E-prescriptions may be vulnerable to error, study finds
About 10% of electronically generated prescriptions in a recent study included at least one error, and one-third of these mistakes had potential for harm.
About 10% of electronically generated prescriptions in a recent study included at least one error, and one-third of these mistakes had potential for harm.
Researchers conducted a retrospective cohort study of 3,850 e-prescriptions received by a commercial outpatient pharmacy chain across three states over four weeks in 2008. All the prescriptions were from ambulatory care clinicians. A panel reviewed them for medication errors, potential adverse drug events, and rate of prescribing errors by type and by prescribing system. Results were published online June 29 by the Journal of the American Medical Informatics Association.
Of the 3,850 prescriptions, 452 (11.7%) contained 466 errors, of which 163 (35%) were potential adverse drug events. Of the potential adverse drug events, 95 (58.3%) were significant, 68 (41.7%) were serious and none were life-threatening.
The most common cause for error was omitted information (60.7% of total errors and 50.9% of potential adverse drug events). The most likely omissions were duration, dose, or frequency. Omitted dose was the most likely error to result in a potential adverse drug event, and accounted for 35% of all potential adverse drug events. Other types of errors were information that was unclear (16.1% of total errors, 19.6% of potential adverse drug events), conflicting (15.7% of total errors, 16.0% of potential adverse drug events), or clinically incorrect (7.5% of total errors, 13.5% of potential adverse drug events).

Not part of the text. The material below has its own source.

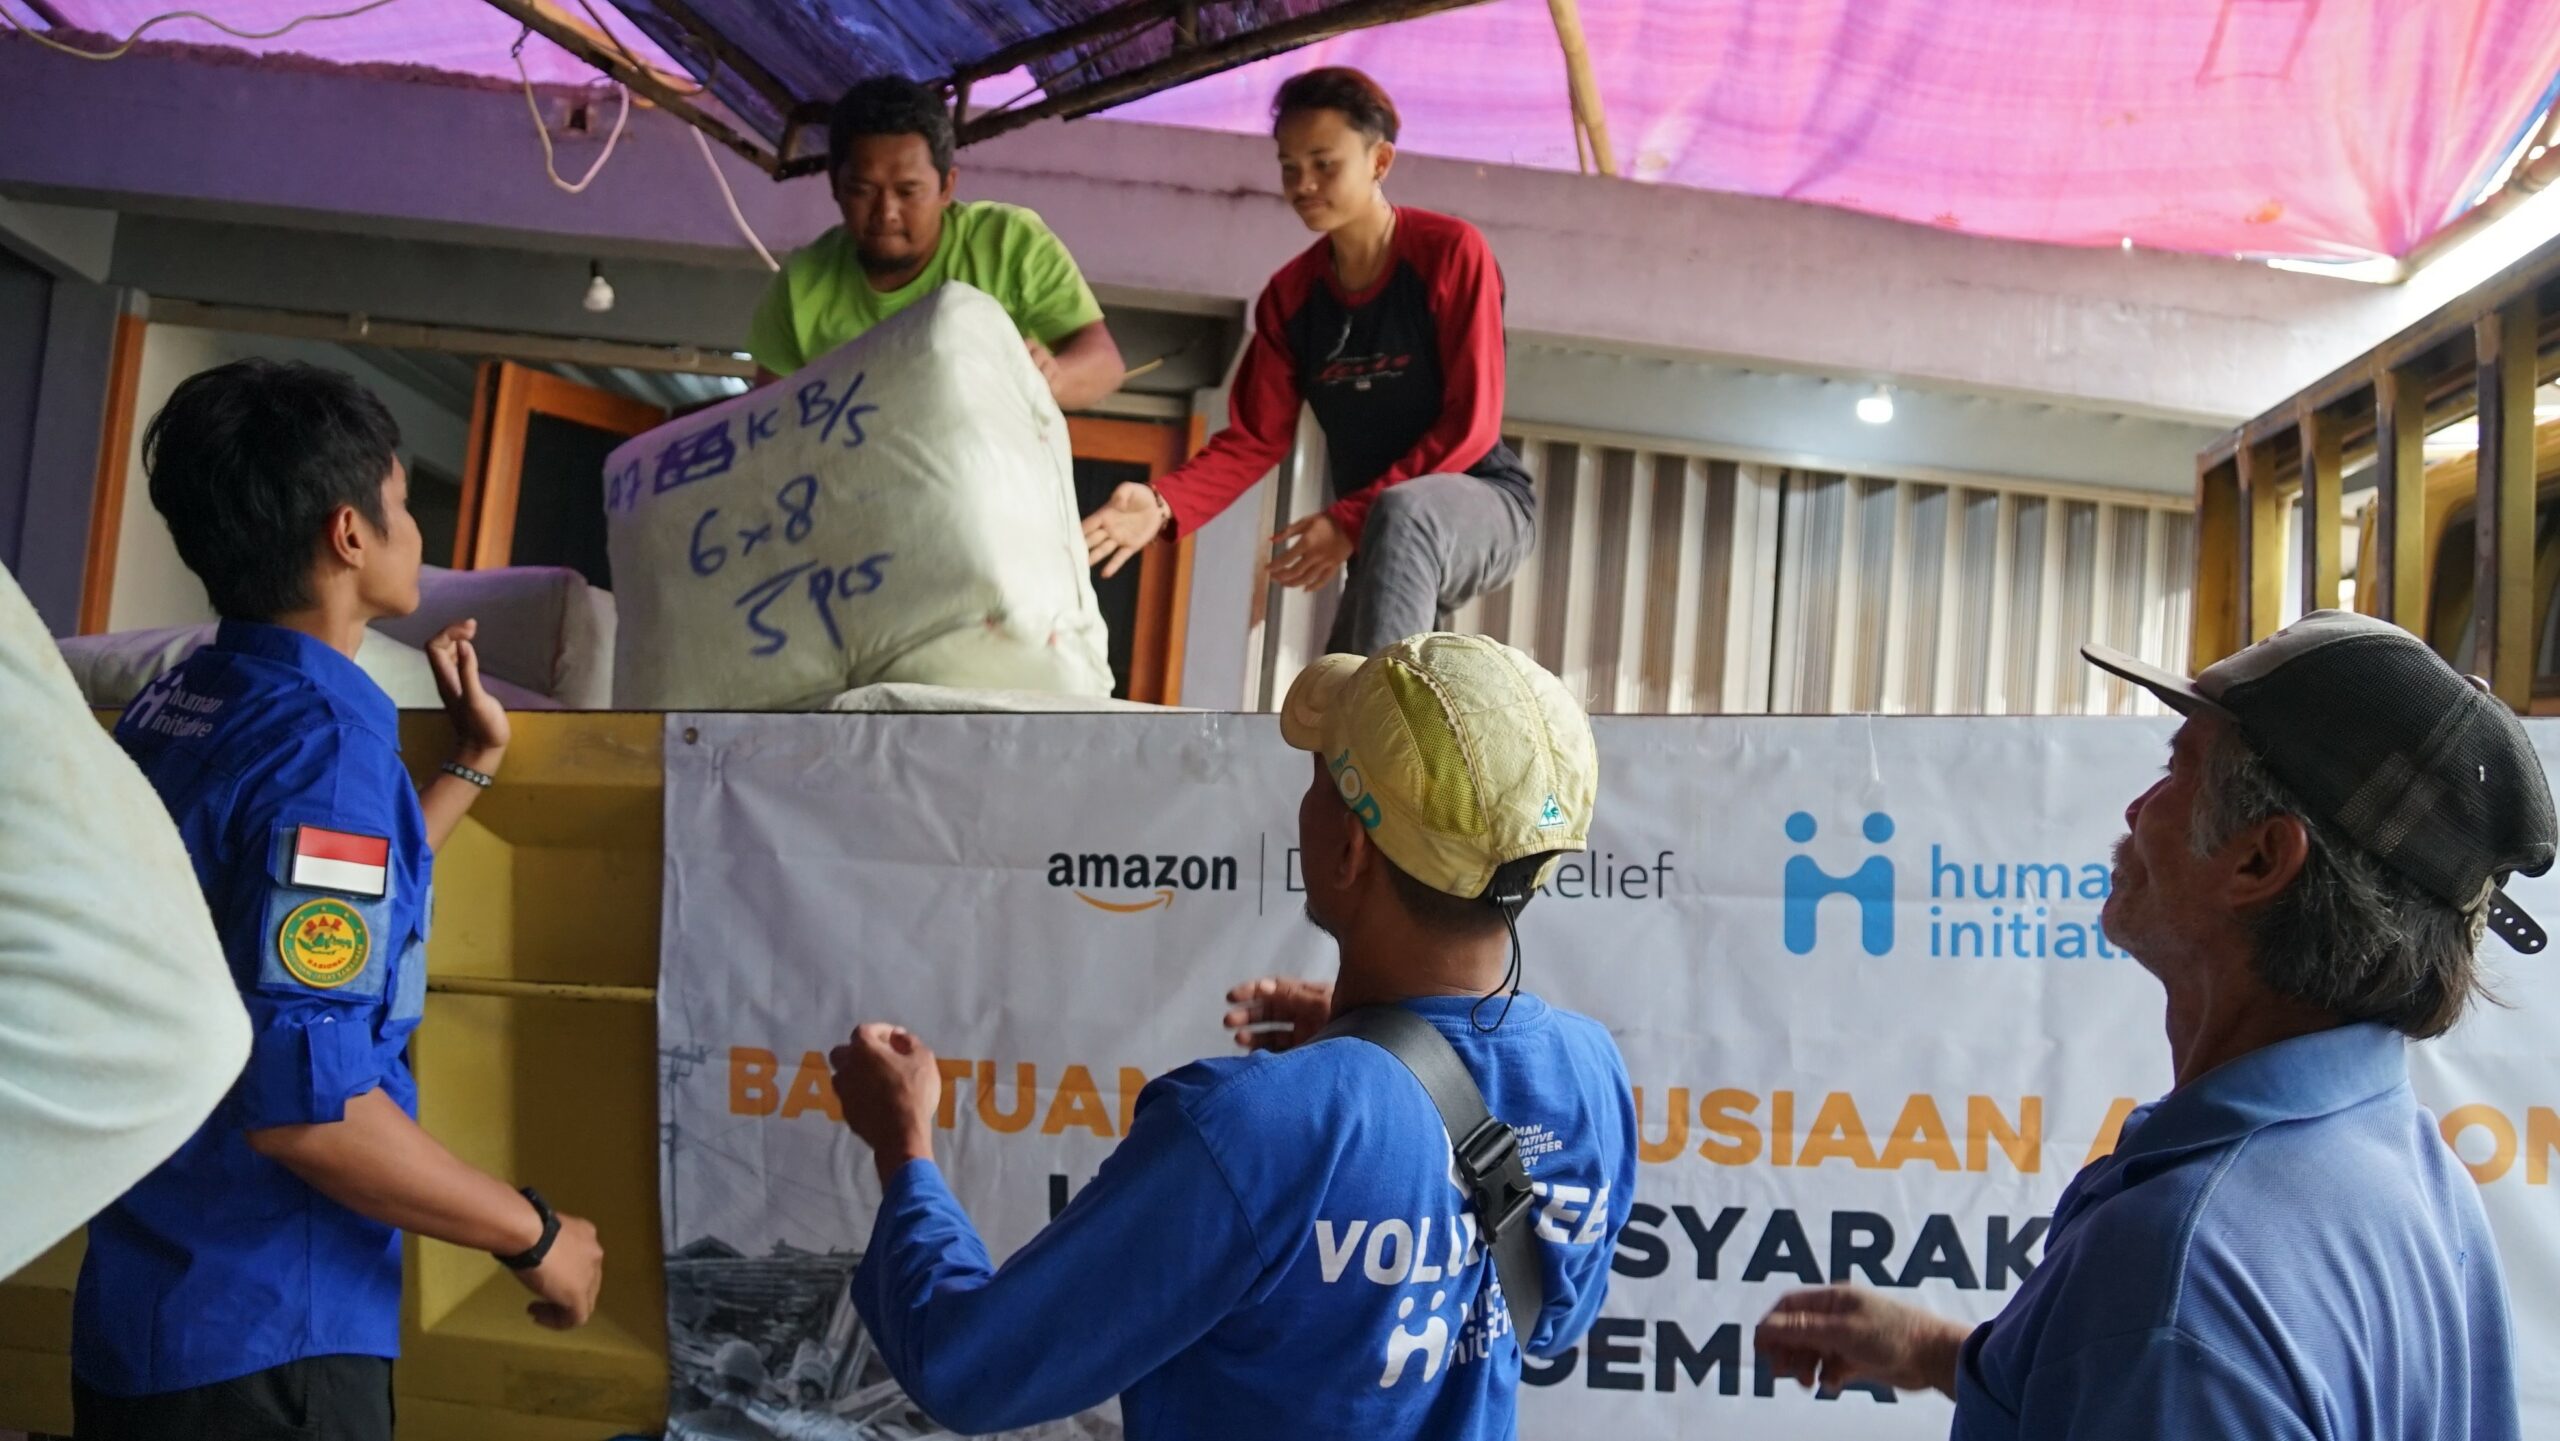 AWS Indonesia Bersama Human Initiative, Kolaborasi Wujudkan Harapan Para Penyintas Gempa Cianjur

There was a significant variation by prescribing system in the types of prescribing errors (P<0.001) and the potential for adverse drug events (P<0.002). Prescribing error rates ranged from 5.1% (95% CI, 0.3% to 9.9%) to 37.5% (95% CI, 23.5% to 51.5%) among the different systems.
The researchers noted that the error rates seen with e-prescribing in their study were similar to those reported in the literature for handwritten prescriptions. They suggested some computer-based and clinician-based strategies to minimize the errors associated with computer-generated prescriptions. Computer-based strategies include forcing functions, specific drug decision-support systems such as maximum dose checkers, and calculators. Clinician-based strategies may include rigorous vendor selection, increased financial incentives and better training.